Foto: REUTERS/Alkis Konstantinidis

Seit die Deutschen kontrollieren, haben die Österreicher und Schweizer mehr zu tun. 20 bis 25 Flüchtlinge mit falschen Pässen werden an manchen Tagen in Athen am Abfluggate nach Wien oder Zürich aufgegriffen, heißt es aus Sicherheitskreisen. Weil Passagiere aus Griechenland seit November nach ihrer Ankunft in Deutschland Ausweise vorzeigen müssen, weichen Migranten auf andere Länder der grenzfreien Schengenzone aus. Denn Griechenland ist in der Flüchtlingskrise beides: Torwächter und Nudelsieb.

Griechlands konservativer Oppositionsführer Kyriakos Mitsotakis hat sich schon beklagt. Er habe sich geschämt, dass er als Grieche bei der Ankunft in Frankfurt zu einem Terminal für Nicht-Schengen-Länder geführt wurde und 20 Minuten auf die Kontrolle seines Ausweises warten musste, sagte Mitsotakis im Parlament. Auch Belgien, Italien und die Niederlande kontrollieren nun zumindest stichprobenartig, wie griechische Reisende berichten. Sie machen ihre Regierung für den De-facto-Hinauswurf aus Schengen verantwortlich.

Schlepper zum Festland

Athen führt genau Buch über die Flüchtlinge im Land. Aber dann wiederum doch nicht. Exakt 15.178 Flüchtlinge wurden zuletzt von den Inseln der Ostägäis gemeldet. Ob es auch so viele sind, ist keinesfalls sicher. Schlepper bringen Menschen von den Inseln zum griechischen Festland. Davon gehen Sicherheitsexperten in Athen aus. Es ist nur eine Frage des Geldes. Zwar verkaufen Reisebüros ohne Genehmigung der Behörden an Flüchtlinge keine Tickets mehr für Fähren nach Piräus oder nach Kavala und Thessaloniki im Norden Griechenlands. Den ganzen Schiffsverkehr zwischen den Inseln und dem Festland zu kontrollieren sei aber unmöglich, so heißt es.

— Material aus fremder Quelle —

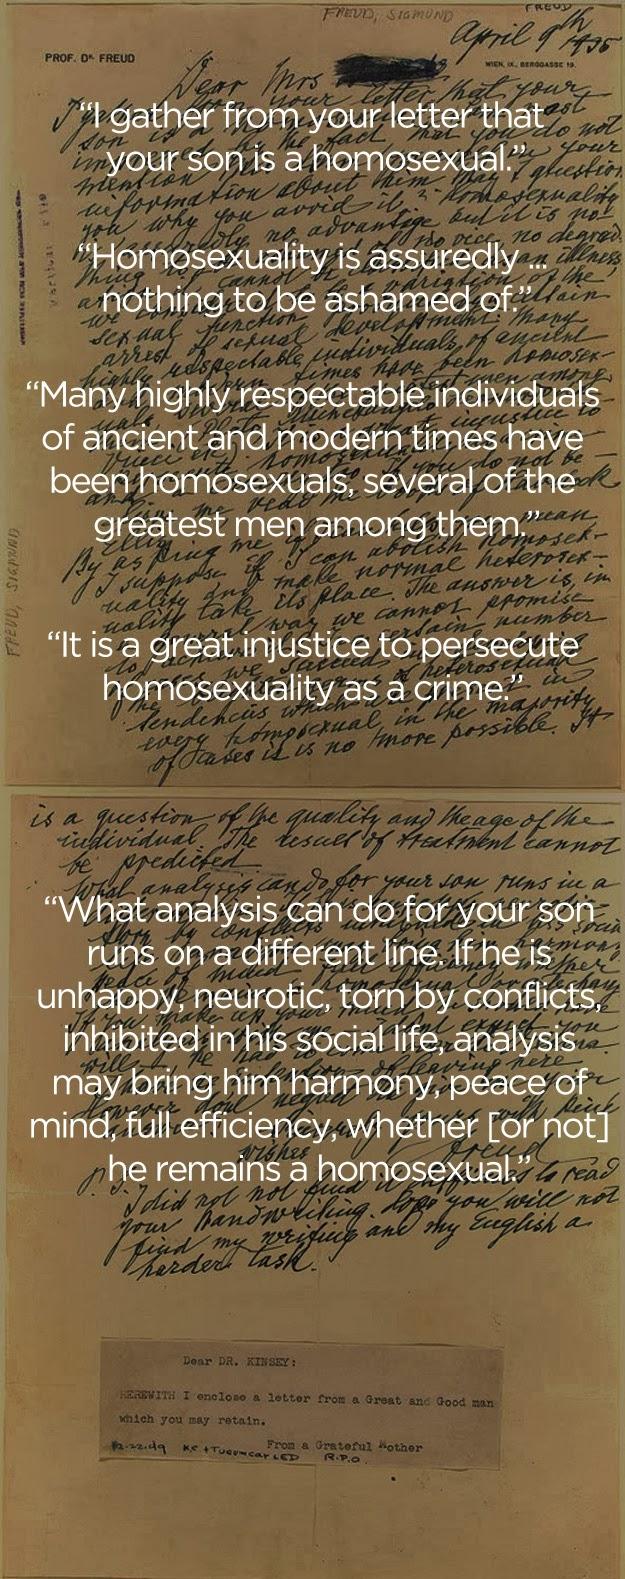 sigmund freud essays sigmund freud scholar psychiatrist com how a  freud quotes sigmund freud on homosexuality sigmund freud on homosexuality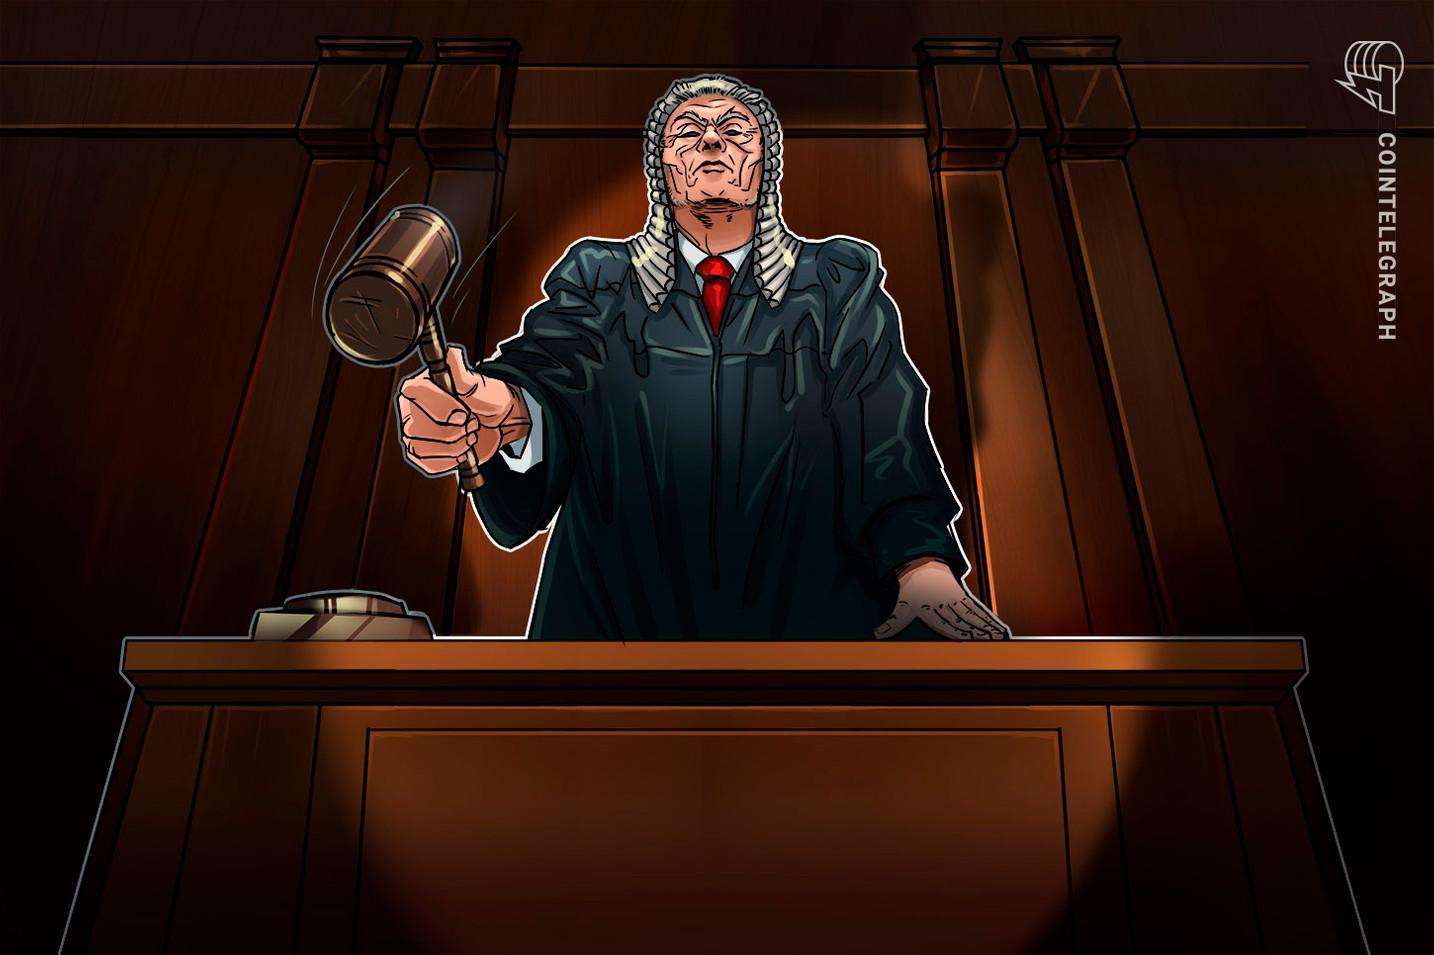 محكمة في باريس تحكم على ألكسندر فينيك بالسجن خمس سنوات

Statistiken über die Zahl und die Verteilung Asylsuchender auf dem griechischen Festland werden schon seit dem Sommer nicht mehr veröffentlicht. Ein neugegründetes nationales Koordinierungszentrum der griechischen Polizei kündigte die Wiederaufnahme umfassender Statistiken an. NGOs und das UN-Flüchtlingshochkommissariat (UNHCR) gehen von etwa 35.000 Menschen auf dem griechischen Festland aus. Doch über die Dunkelziffer wird nur spekuliert. 18.000 bis 20.000 untergetauchte Migranten allein in Athen ist eine dieser unbestätigten Annahmen.

Reißleine gezogen

Seit September steigen zudem die Ankunftszahlen auf den Inseln, von Lesbos im Norden bis Rhodos im Süden. So überfüllt sind die Aufnahmelager mittlerweile, dass die griechische Regierung nun die Reißleine zog. 5000 Migranten – rund ein Drittel der Lagerbevölkerung auf den Inseln – sollen bis Weihnachten auf dem Festland unter besseren Bedingungen untergebracht werden, kündigte Athen am Wochenende an. 262 Insassen aus dem Lager Moria auf Lesbos wurden bereits nach Kreta gebracht.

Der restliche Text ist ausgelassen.